Four Rules of Algebra
Algebra is a branch of mathematics that focuses on solving unknown values which are represented by letters. Instead of working with real numbers like in regular math, here you purely work with unknowns and work them like a puzzle to try to find your final solution. You could have them in linear equations, inequalities, functions, and graphs. They are introduced to children as early as the ninth grade, to help them get accustomed to it early enough. Its level progresses as that child graduates from year to year, and depending on the major they take on campus, they may or may not continue working with Algebra.
Just like any other component, there has to be a set of rules to govern how an item is used to produce accurate results. Without these rules, then there would be no telling which is the correct way to approach certain tasks. There are different laws of Algebra, each set to approach different problems in their unique way. They are mainly grouped into four which include Commutative Law, Associative Law, Distributive Law, and Cancellation Law. If you decide to approach an algebraic equation without following any of these set rules, then you will get false results from your calculation. This will have people questioning you whether you really went to school to study or to pass time with the rest of the students.

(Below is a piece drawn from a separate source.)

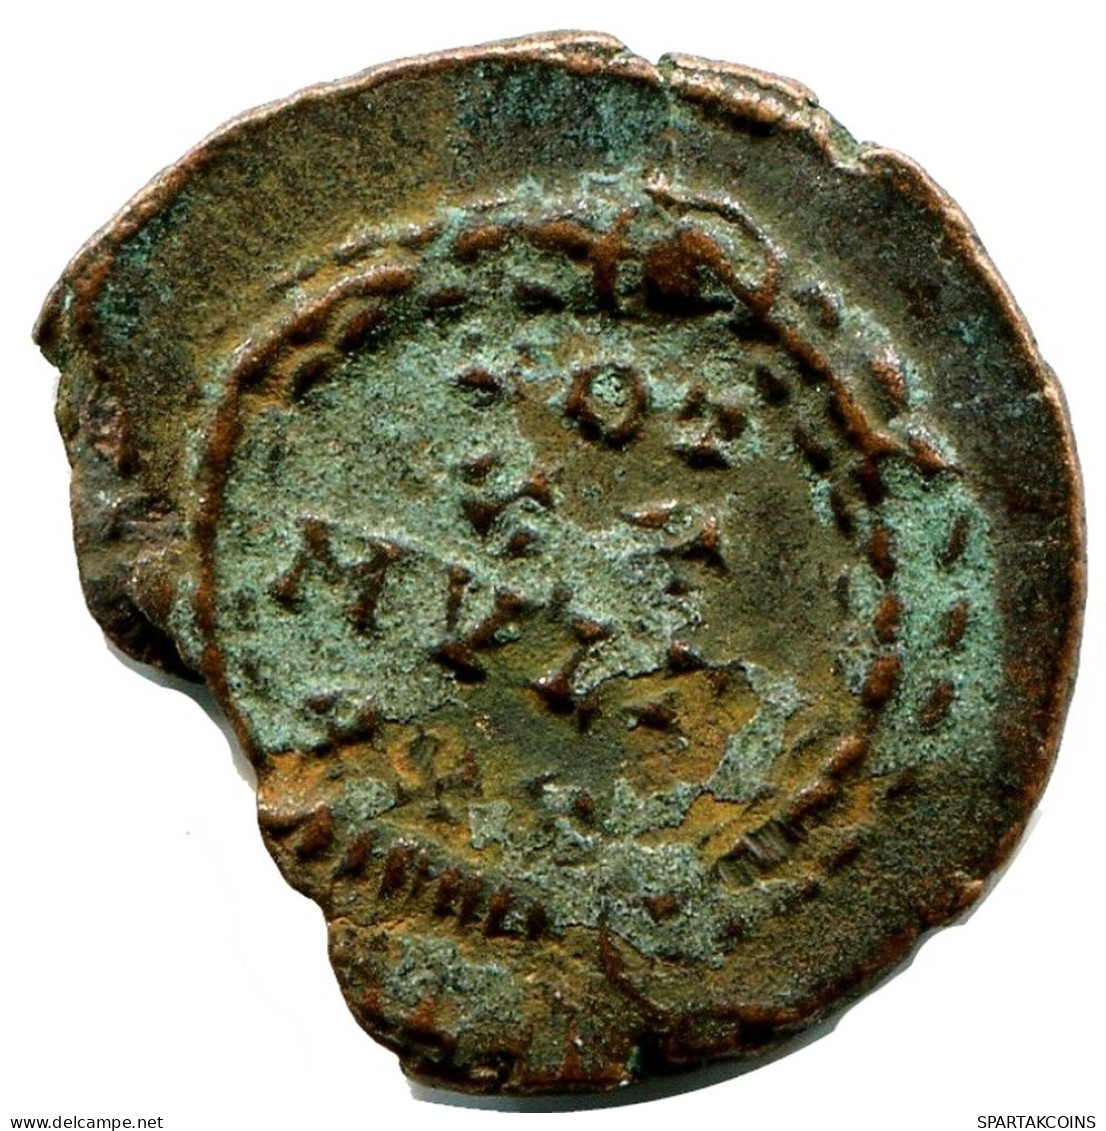 CONSTANS MINTED IN ALEKSANDRIA FROM THE ROYAL ONTARIO MUSEUM #ANC11481.14.D.A - L'Empire Chrétien (307 à 363)

Commutative Law is divided into two categories. We look at equations that require you to add figures, while others require you to multiply. In a case where you are required to multiply, assuming that ‘a’ with ‘b’ are your algebraic expressions of choice, then this rule dictates that the sum of both ‘a’ and ‘b’ are the same, no matter their position in an equation. On one side we could have ‘a’ leading that equation, while on the other we’ve got ‘b’ leading, but their sum will be the same.
When looking at those that require you to find the product, the same applies. No matter the position of these expressions in an equation, their solution will always be equal. The only difference could come in when on one side we’ve got a sign that is not present on the other, this would warrant different results. When this happens, then this rule is not applicable in such a scenario.
Associative Law is also grouped into categories that focus on addition or multiplication, depending on the equation presented before you. Unlike Commutative Law, this focuses on equations with more than two variables. Taking ‘c’, ‘d’, and ‘e’ as our variables, we can compute their addition satisfying that rule in question. For an expression with more than one variable, the sum of the first letter together with that of the last two would be the same as the sum of the first two letters together with the last one. No matter their arrangement, your result will always be the same.
In an expression that requires you to multiply, a case where order does not matter would still fit. Wherever you place these letters, in whichever order you place them, as long as their signs are the same, then the result will also be the same all through. Even when you group them into two, with one being left outside to multiply with after, your answer will still be equal.
Distributive Law focuses on a combination of both addition and multiplication operations. You will have your unknowns grouped into pairs, from where you will add their products. When using three unknowns, then one will appear in both brackets to satisfy the expression. This representation is equivalent to when you have the sum of two of the letters, which you later multiply with the third unknown.
Cancellation Law is divided into addition and multiplication applications, depending on the nature of your expression. When working with three variables, the rule states that the sum of any two of these unknowns is equal to the sum of one of the initial unknowns with the third variable. This is possible if two different letters represent the same value. If you’re applying this rule in multiplication, then the product of any two variables is equal to that of one in the initial expression with the third value. This is satisfied when where any two values are the same, and the third is equal to zero.